EXERCISE DIRECTIONS |
Below are lines of data, and only some are wanted. Please repeat exactly those from the line that has "Dark Blue Background" through the line that has "My DM slide has a deep end - Mug".

== INFORMATION SUPPLIED

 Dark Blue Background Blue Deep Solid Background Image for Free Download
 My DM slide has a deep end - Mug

====
== INFORMATION SUPPLIED

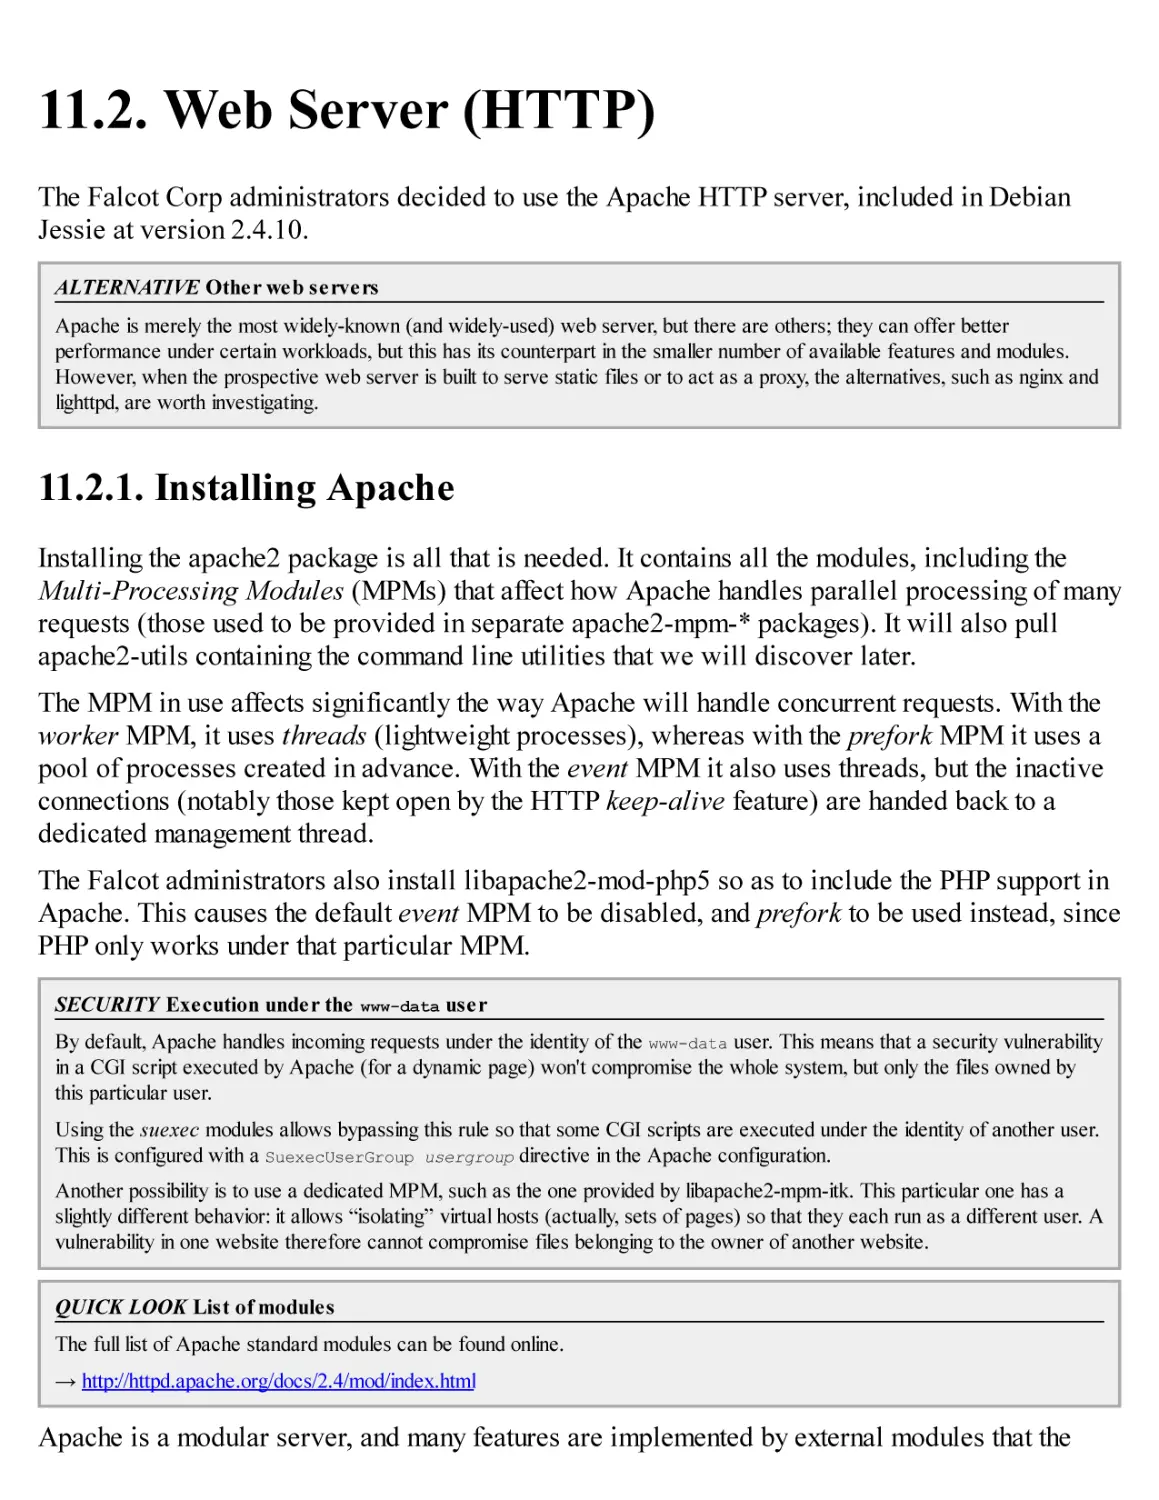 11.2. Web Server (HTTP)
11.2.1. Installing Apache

====
== INFORMATION SUPPLIED

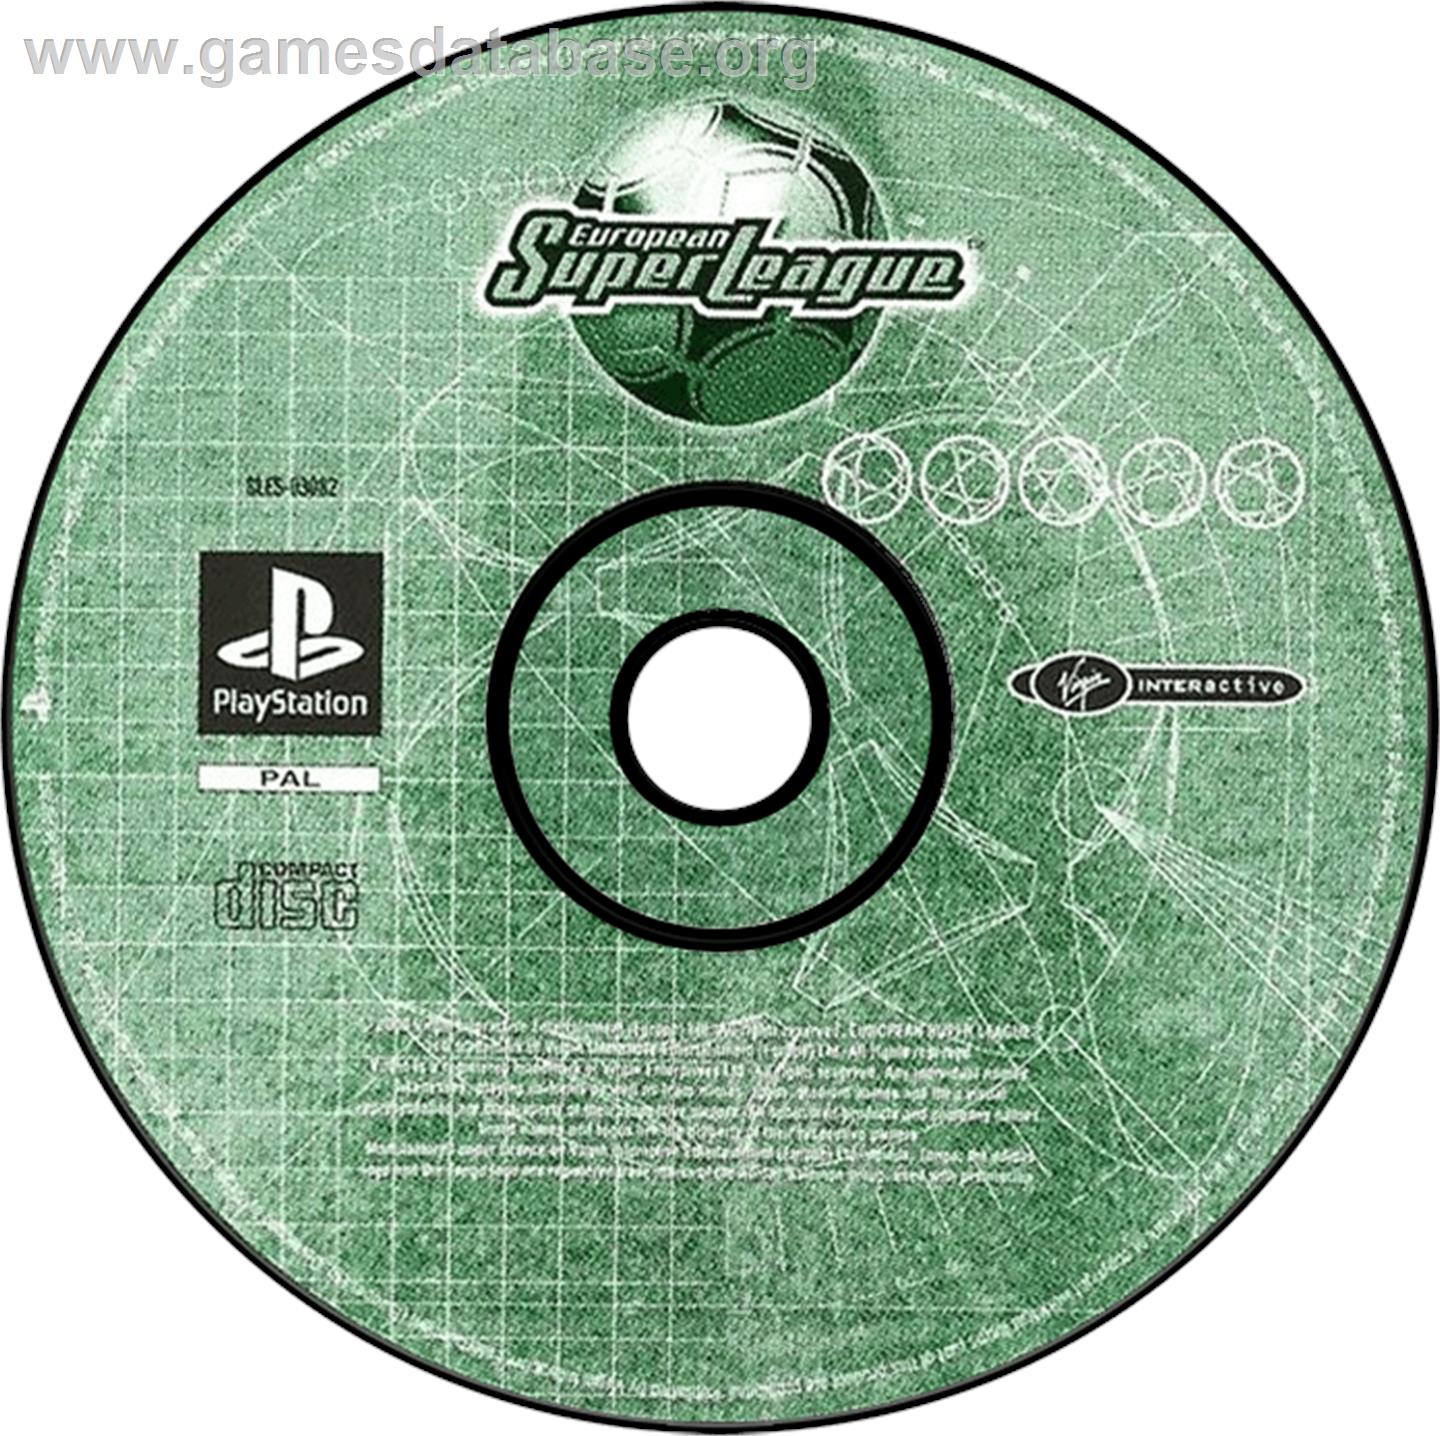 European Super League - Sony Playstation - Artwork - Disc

====

THE COMPLETED TASK |
 Dark Blue Background Blue Deep Solid Background Image for Free Download
 My DM slide has a deep end - Mug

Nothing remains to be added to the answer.